**WHAT IS REQUIRED:**
Write out word for word each line from the one containing "auf die Erneuerbaren, bauten" through the close of the listing, including both ends. Pictures do not belong in the copy.

**SOURCE DATA:**
——————

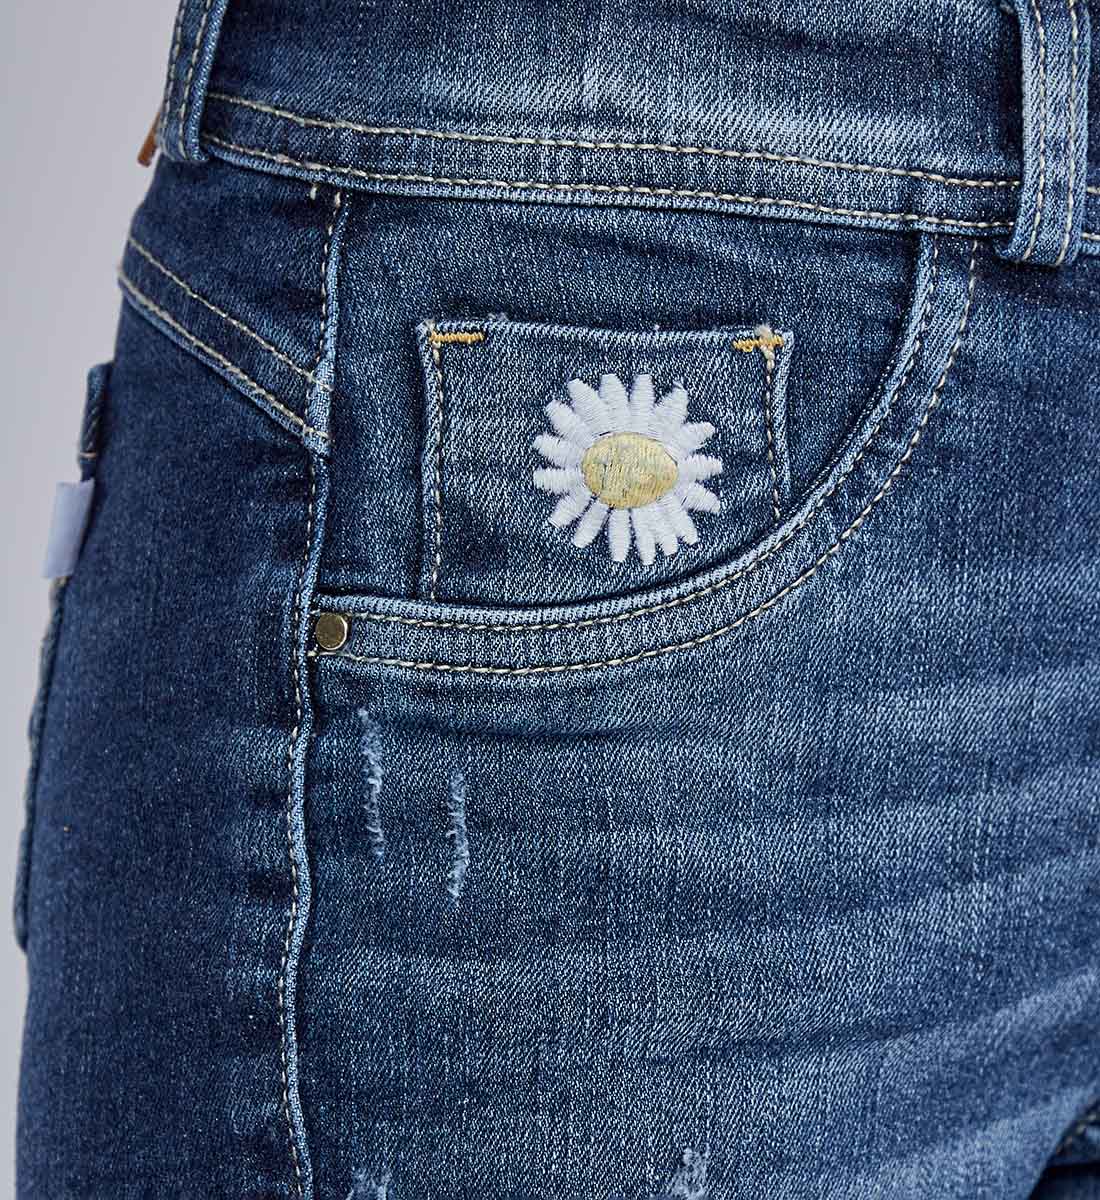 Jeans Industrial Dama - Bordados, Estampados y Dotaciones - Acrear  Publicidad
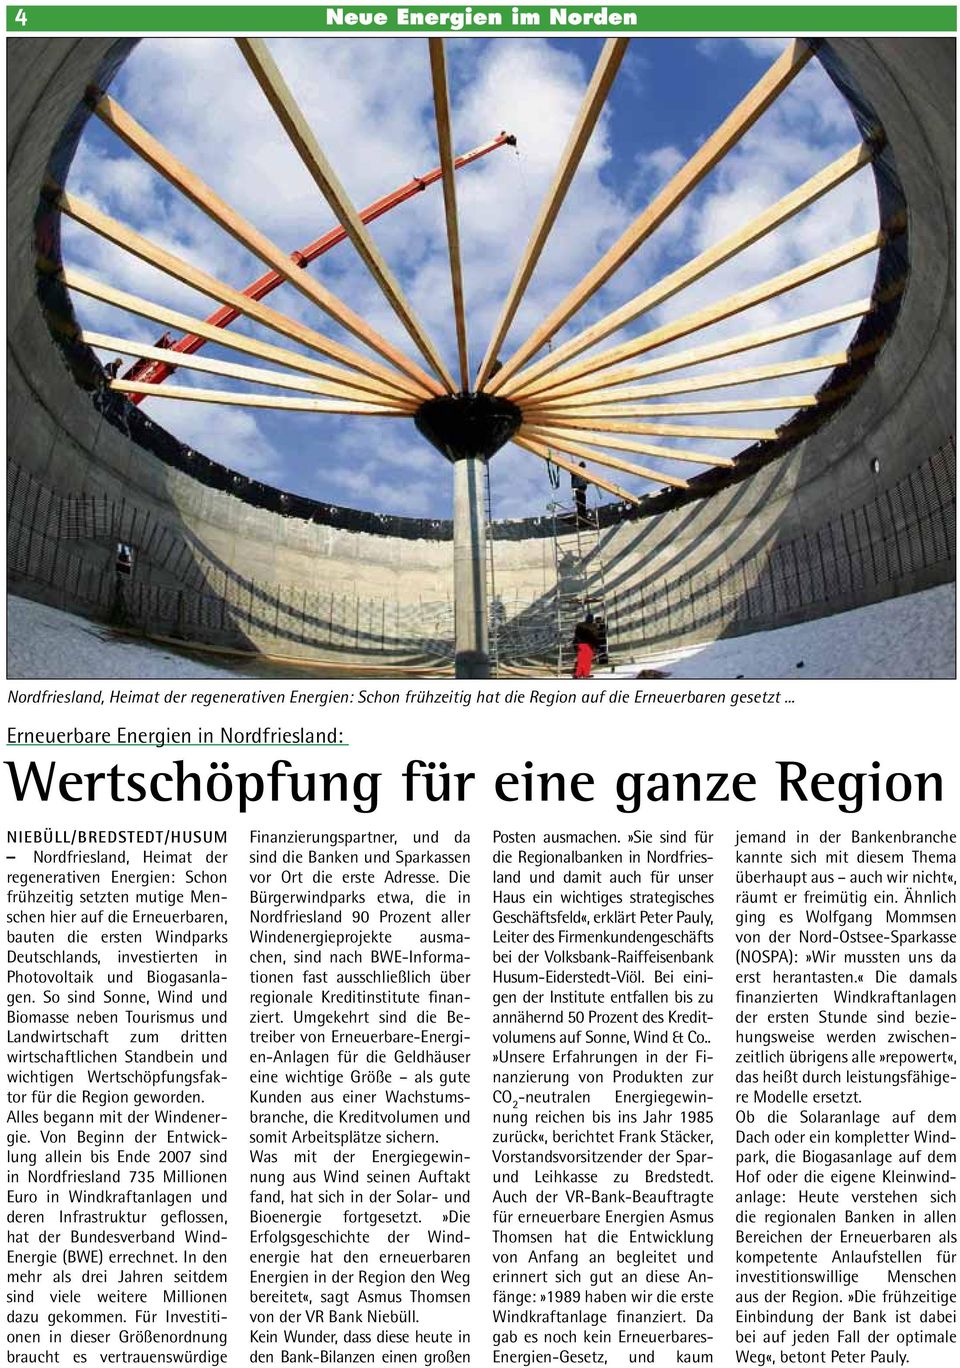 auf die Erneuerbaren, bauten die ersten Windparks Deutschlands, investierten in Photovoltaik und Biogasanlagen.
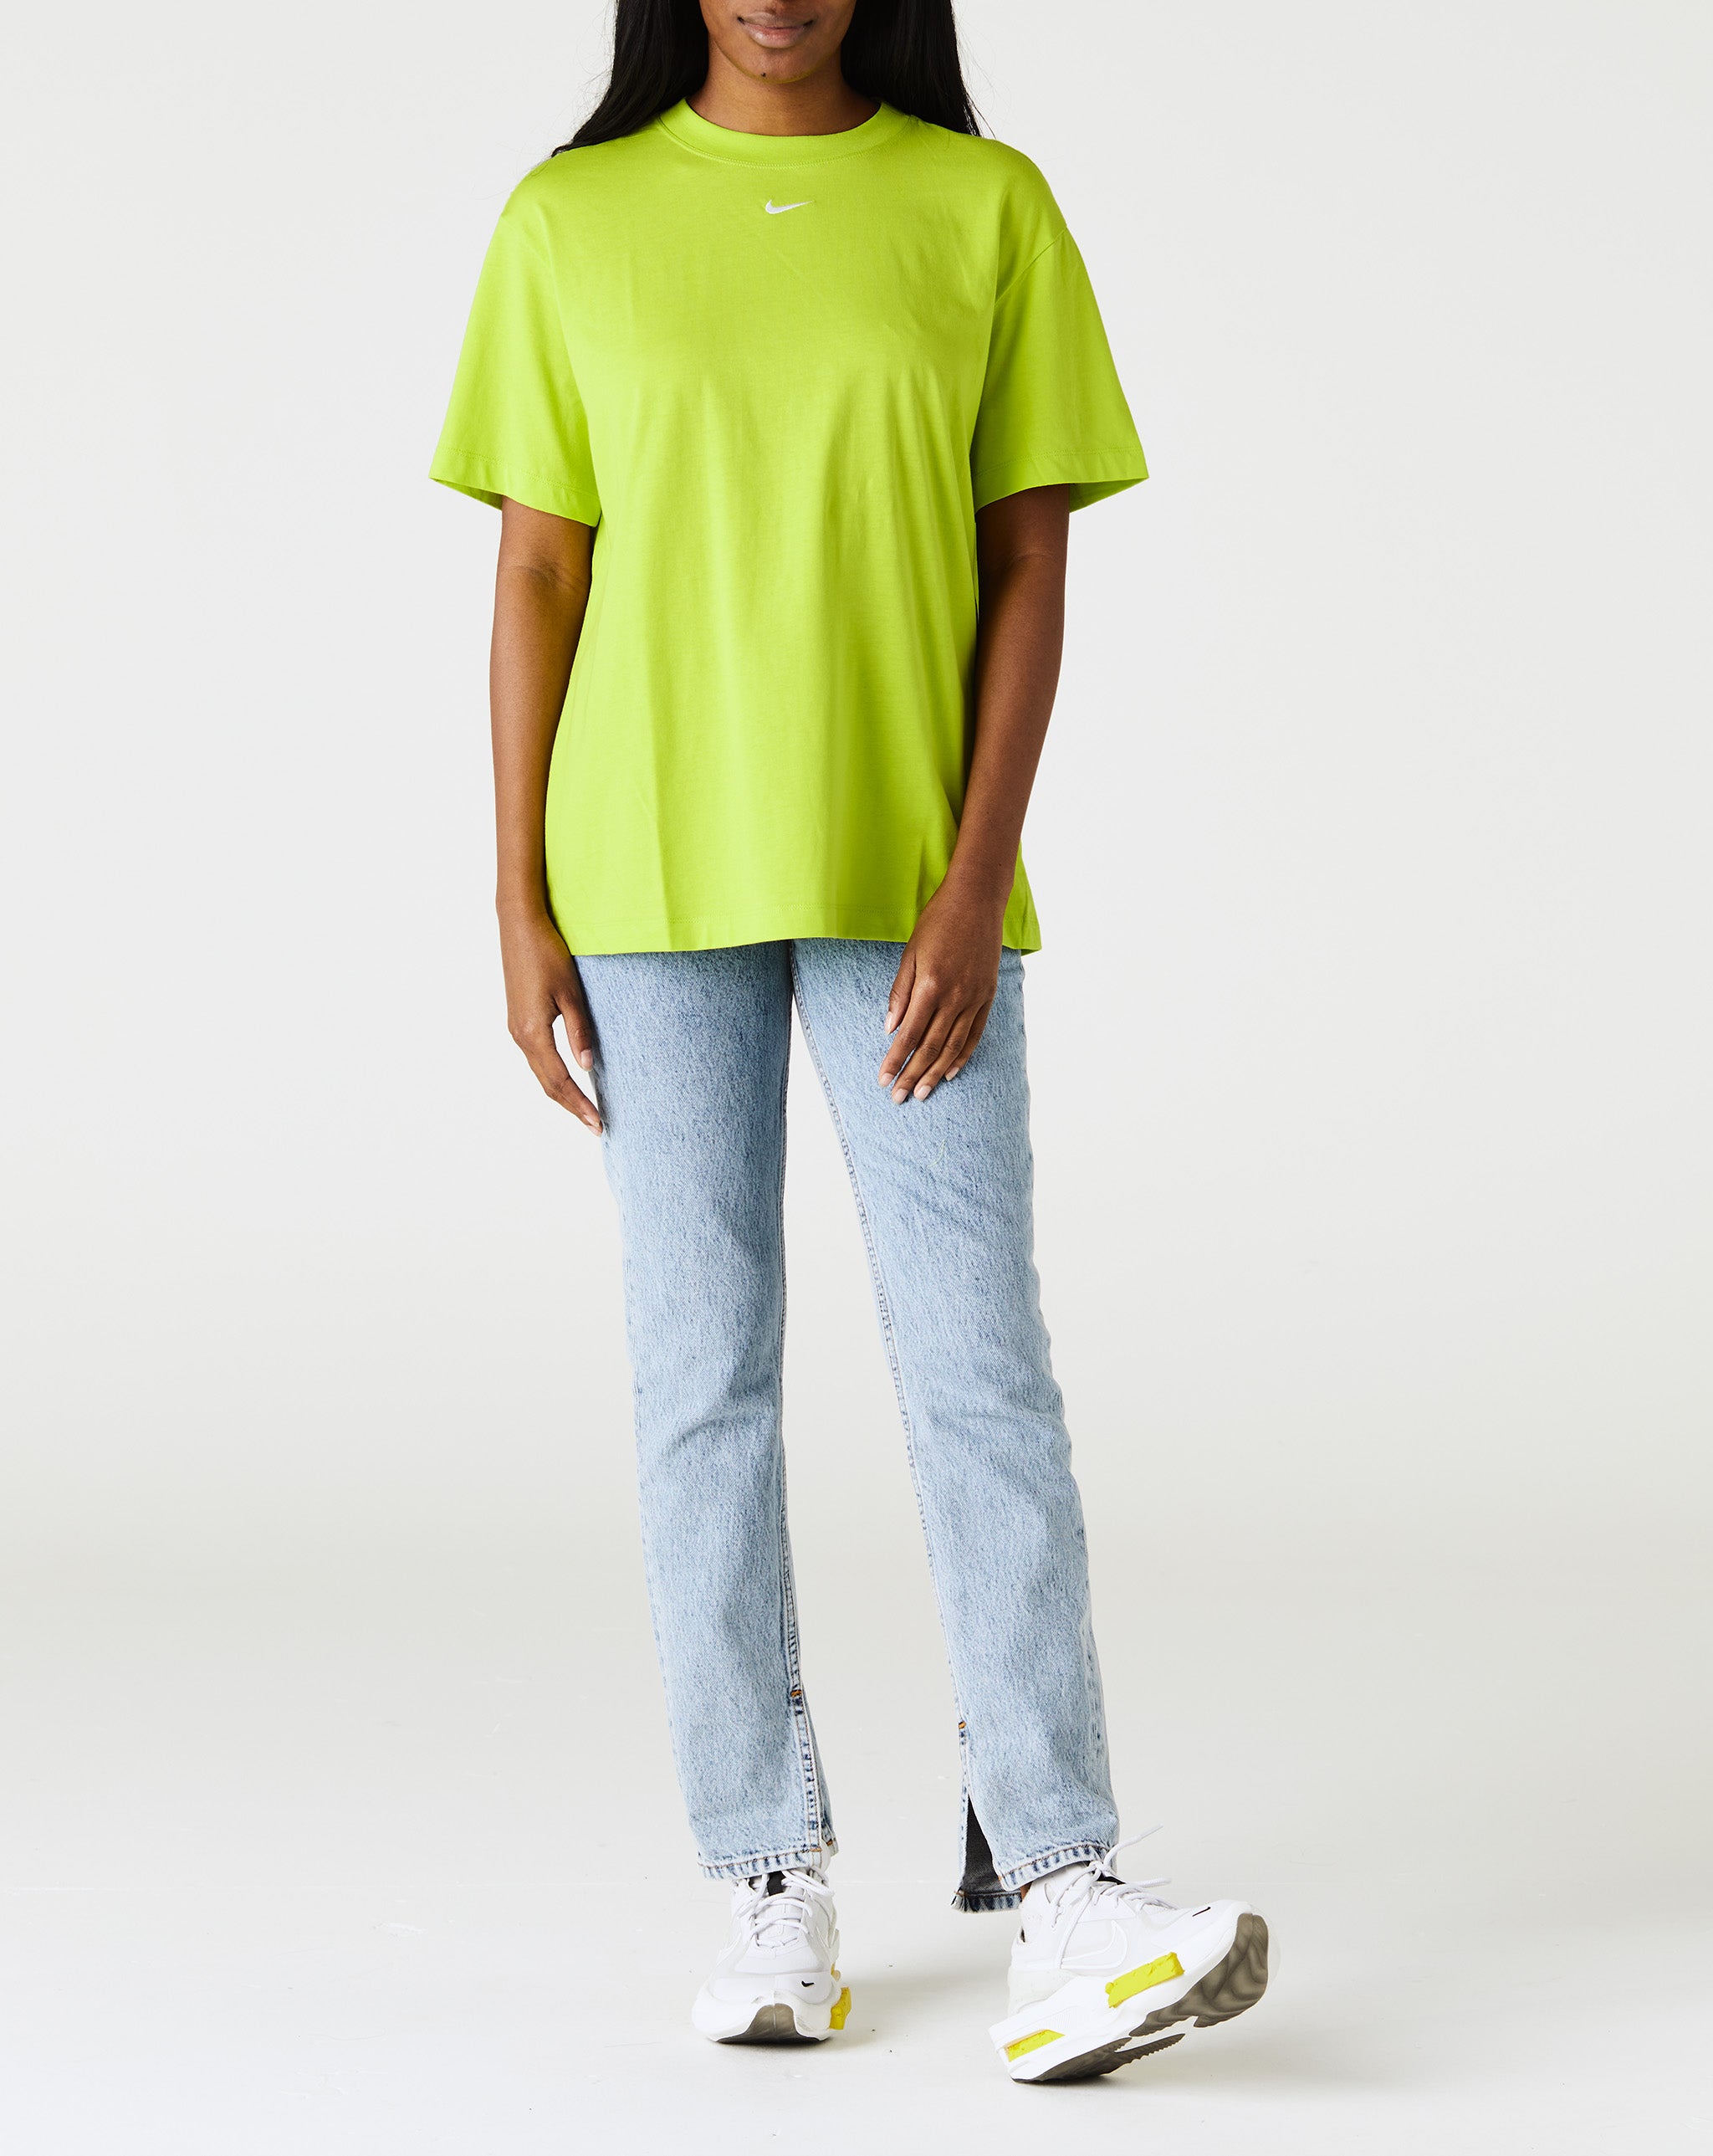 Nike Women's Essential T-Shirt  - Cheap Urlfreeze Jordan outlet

——————

**ANSWER BOX:**
 auf die Erneuerbaren, bauten die ersten Windparks Deutschlands, investierten in Photovoltaik und Biogasanlagen.
 Nike Women's Essential T-Shirt  - Cheap Urlfreeze Jordan outlet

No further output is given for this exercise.